### EXERCISE
From the first line to the last, give the material again exactly, without the images.

### INFORMATION SUPPLIED
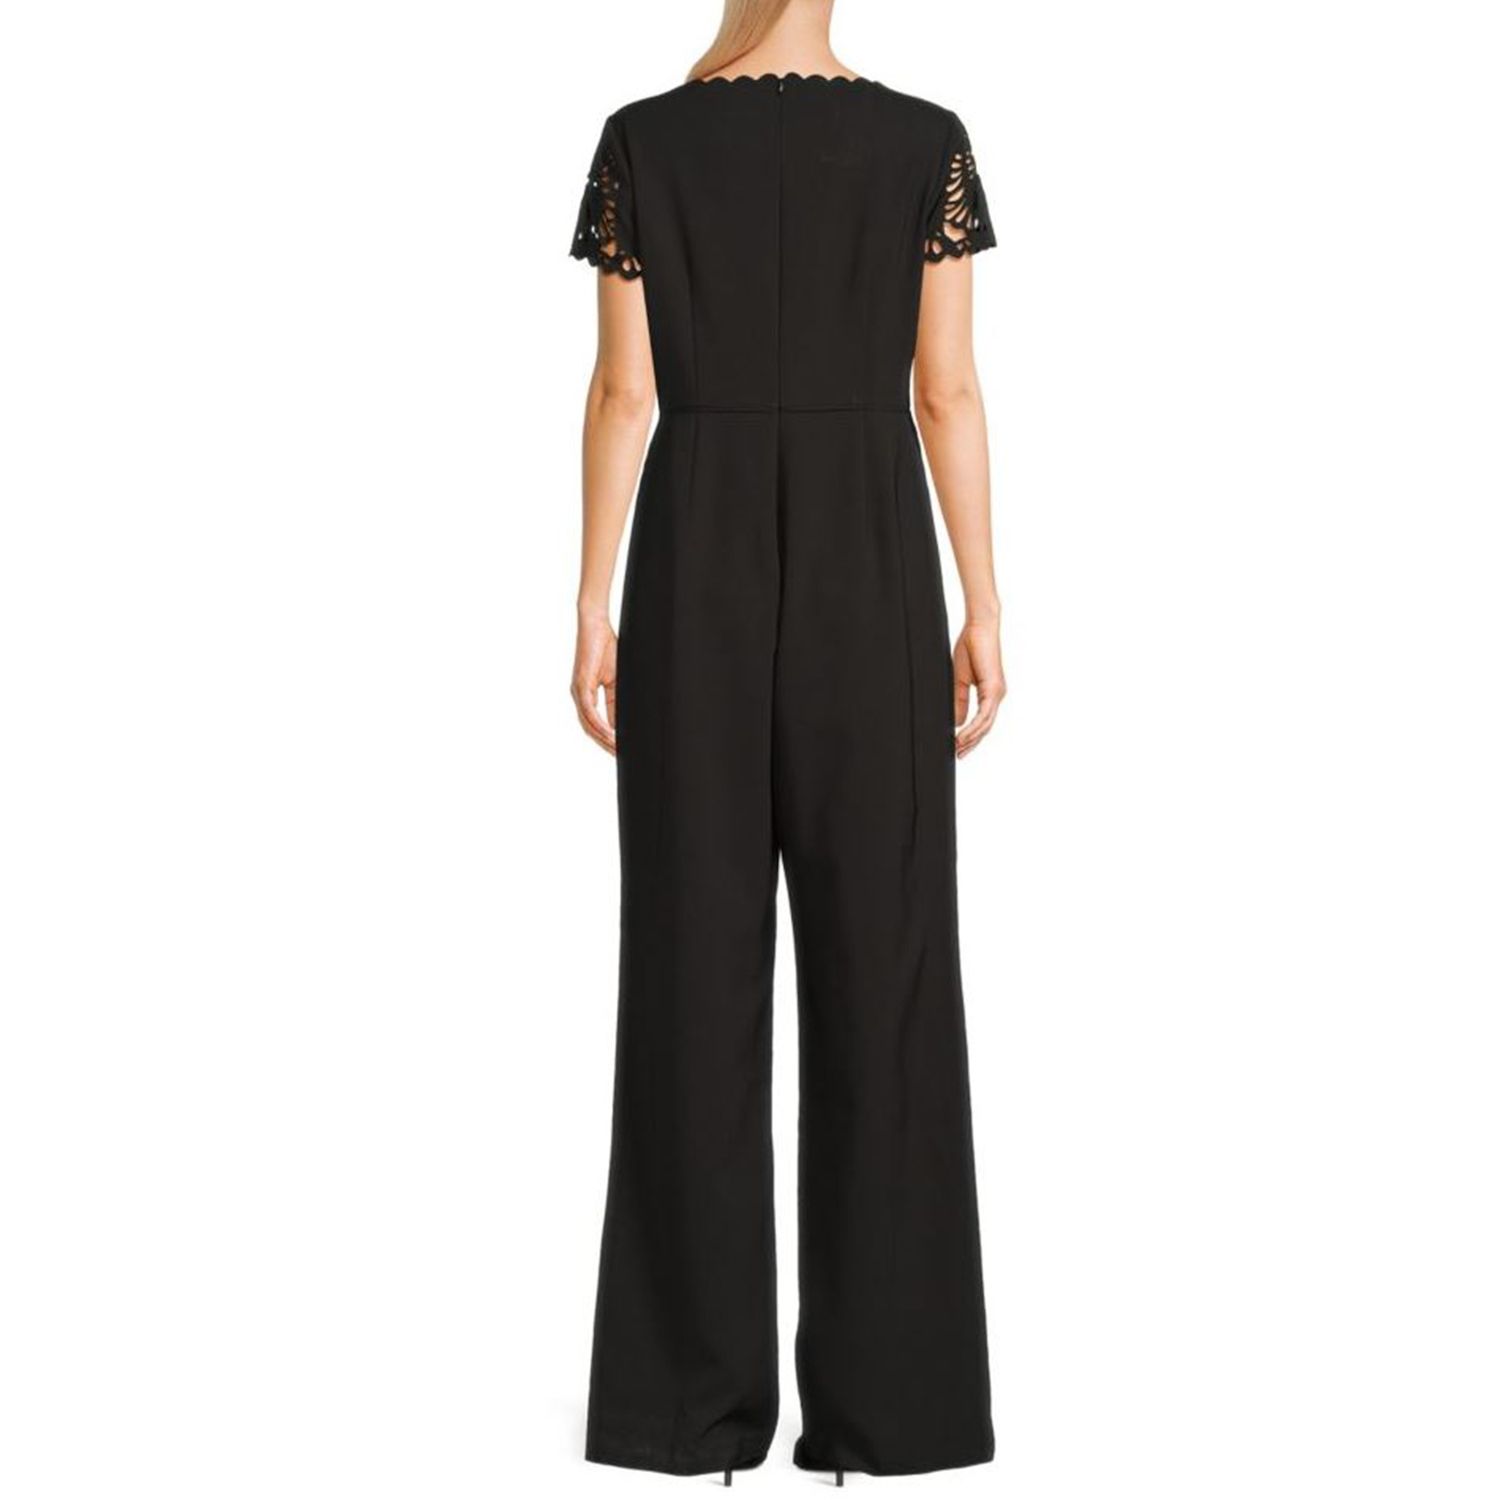 Womens Jumpsuits & Rompers Dressy Dresses, Clothing
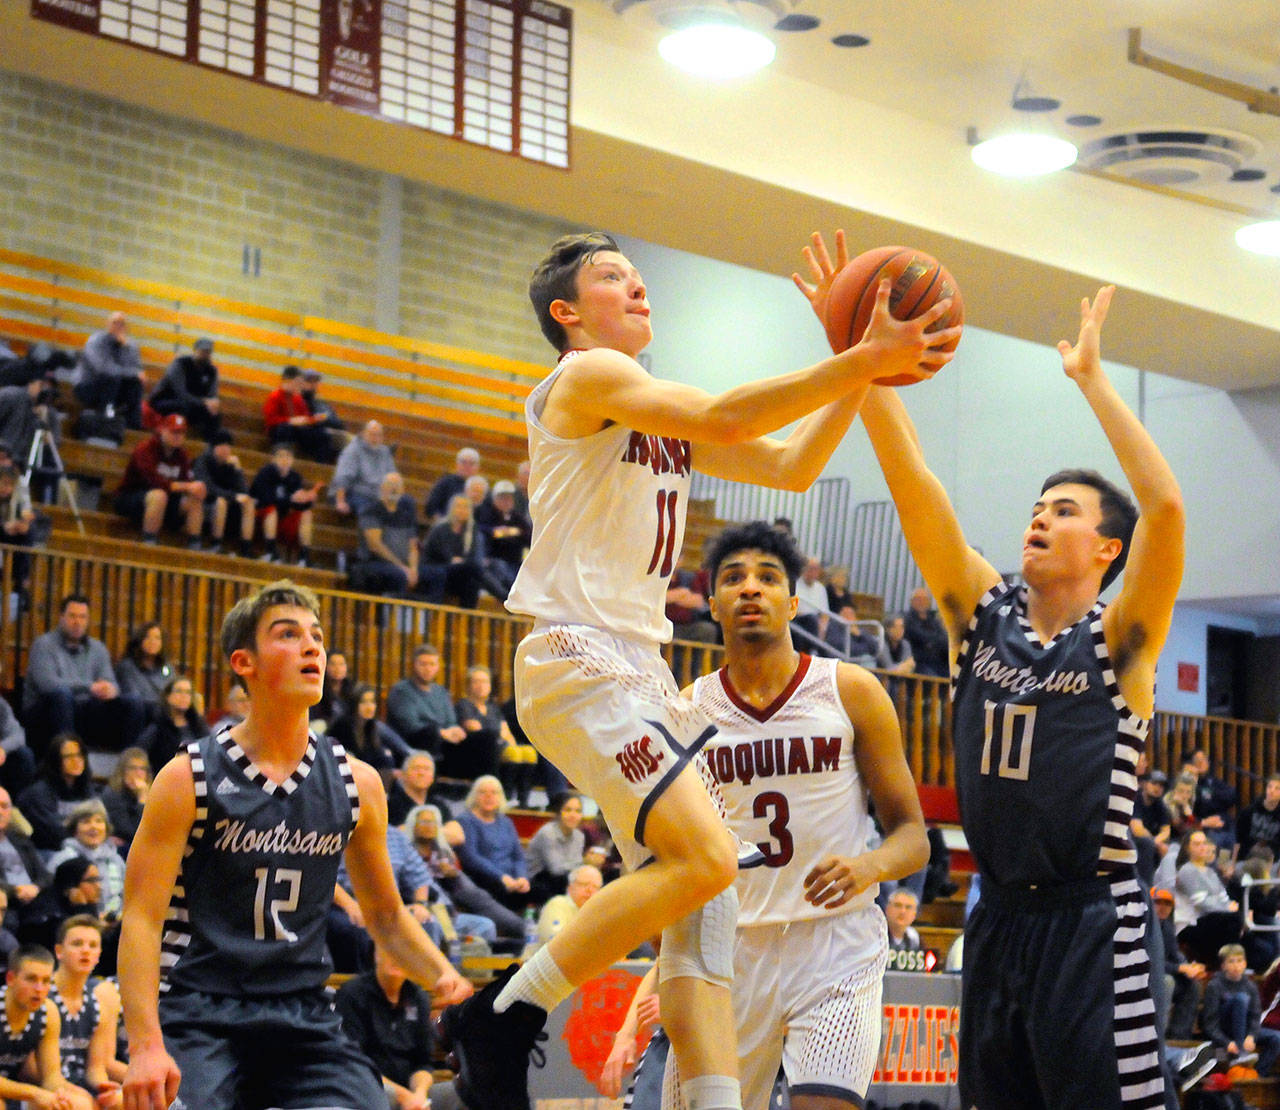 Hoquiam’s Cameron Bumstead finishes a reverse layup in the second quarter against Montesano on Wednesday. Bumstead scored 16 points and had four assists in Hoquiam’s 57-56 win. (Hasani Grayson | Grays Harbor News Group)
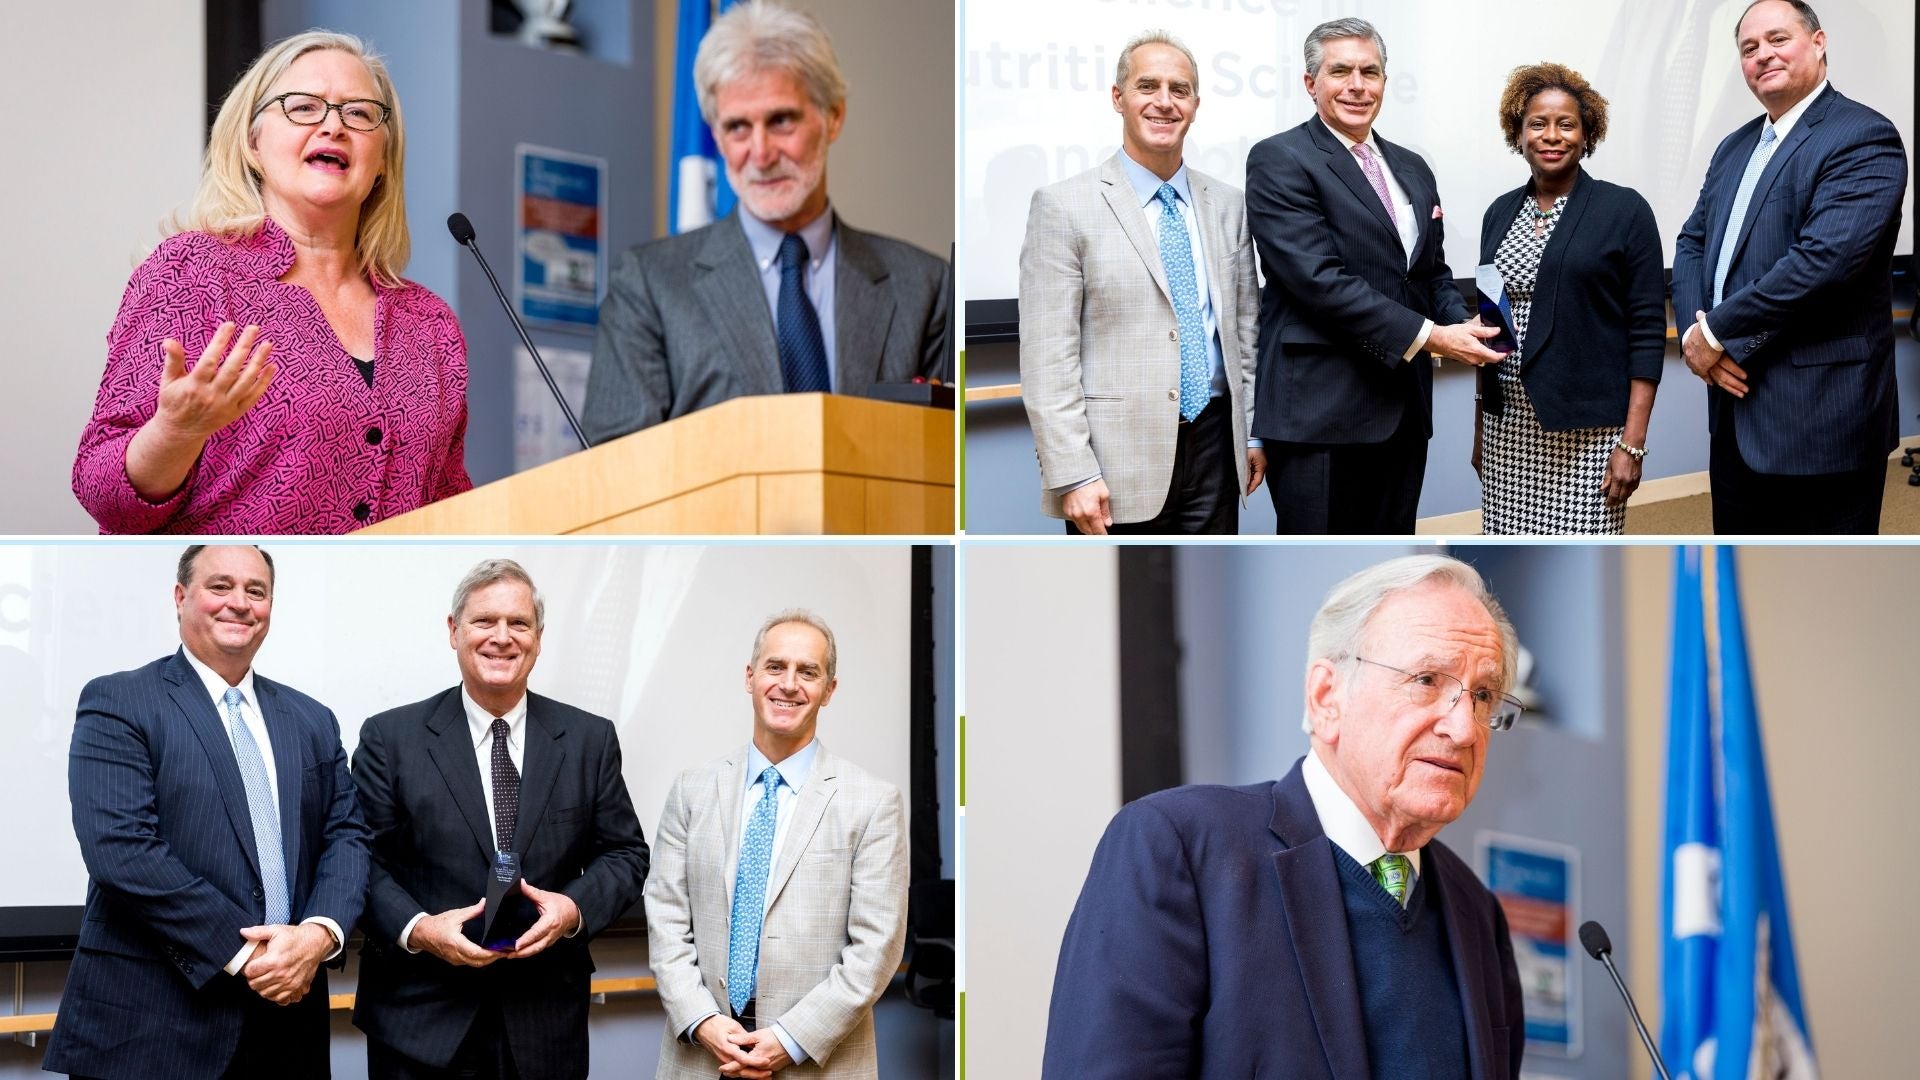 Jean Mayer Prize recipients from the 2018 ceremony: CSPI, Mission: Readiness, Tom Vilsack, and Tom Harkin

### EXERCISE SOLUTION
 Womens Jumpsuits & Rompers Dressy Dresses, Clothing
 Hoquiam’s Cameron Bumstead finishes a reverse layup in the second quarter against Montesano on Wednesday. Bumstead scored 16 points and had four assists in Hoquiam’s 57-56 win. (Hasani Grayson | Grays Harbor News Group)
 Jean Mayer Prize recipients from the 2018 ceremony: CSPI, Mission: Readiness, Tom Vilsack, and Tom Harkin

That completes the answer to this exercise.